Public health impact and control options of parasitic zoonoses via pork

Introduction

Parasites have long been neglected but nowadays are becoming more recognized as important foodborne pathogens. Various factors contribute to their undervaluation such as complex lifecycles and transmission routes, prolonged incubation period and chronic disease manifestations. In addition, rapid and sensitive diagnostic assays are not always available and therefore parasite occurrences are often underreported, resulting in low disease burden estimates, compared to viral or bacterial causes of foodborne diseases (Newell, Koopmans et al. 2010). In 2015, WHO Foodborne Disease Epidemiology Reference Group (FERG) reported the global disease burden of foodborne diseases expressed in disability adjusted life years (DALYs) of 31 infectious pathogens and chemical hazards (Havelaar, Kirk et al. 2015). Among the highest-ranking etiological agents of these foodborne diseases, many originated from animals (zoonotic pathogens) and included not only bacteria such as Salmonella and Campylobacter spp. but also foodborne parasites such as Taenia solium (T. solium) in the top list.

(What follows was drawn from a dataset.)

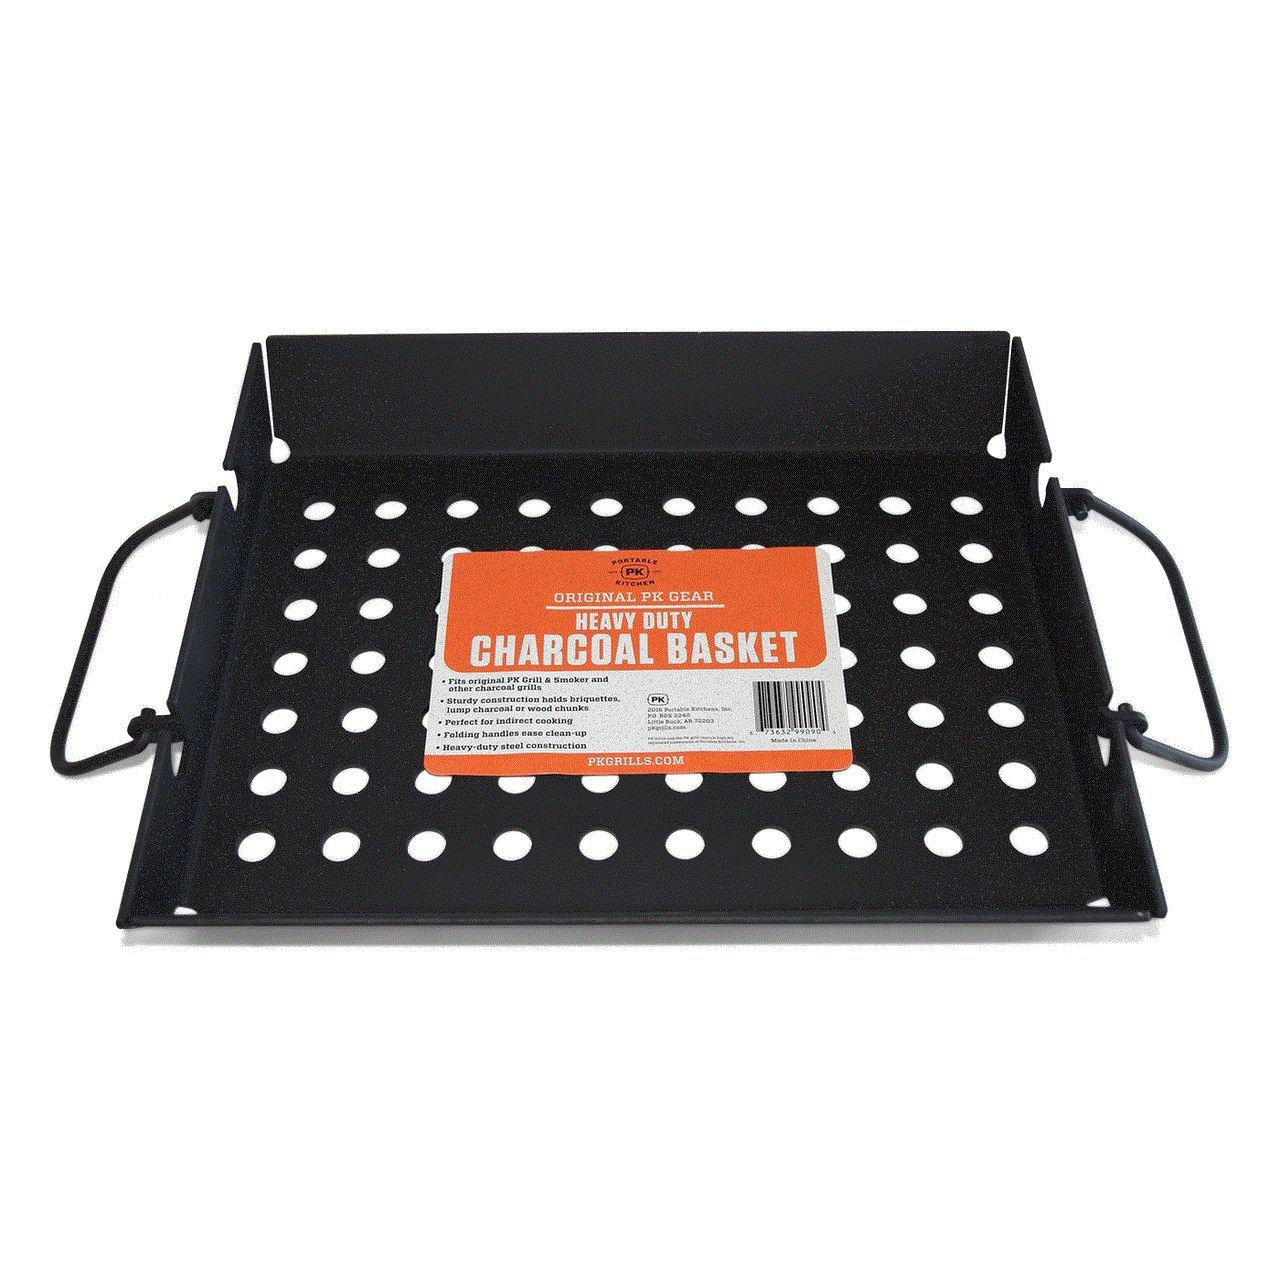 PK Grills PK99090 Heavy Duty Charcoal Basket

T. solium causing taeniasis and neurocysticercosis, is an important zoonotic pathogen including humans and pigs. It has the highest global disease burden of all parasitic foodborne diseases with 2.8 million DALYs (Havelaar, Kirk et al. 2015). It mainly affects poor communities in low- and middle-income geographic areas, such as in Africa, South America and South East Asia and are indicative of poor hygiene standards of pig husbandry practices. T. solium is on the WHO list of neglected tropical parasites, with the high DALY estimation mainly caused by neurocysticercosis (Torgerson, Devleesschauwer et al. 2015). Therefore, control and elimination programmes should be high priority and goals were set for interventions in selected countries by WHO ((World Health and Thomas 2015)).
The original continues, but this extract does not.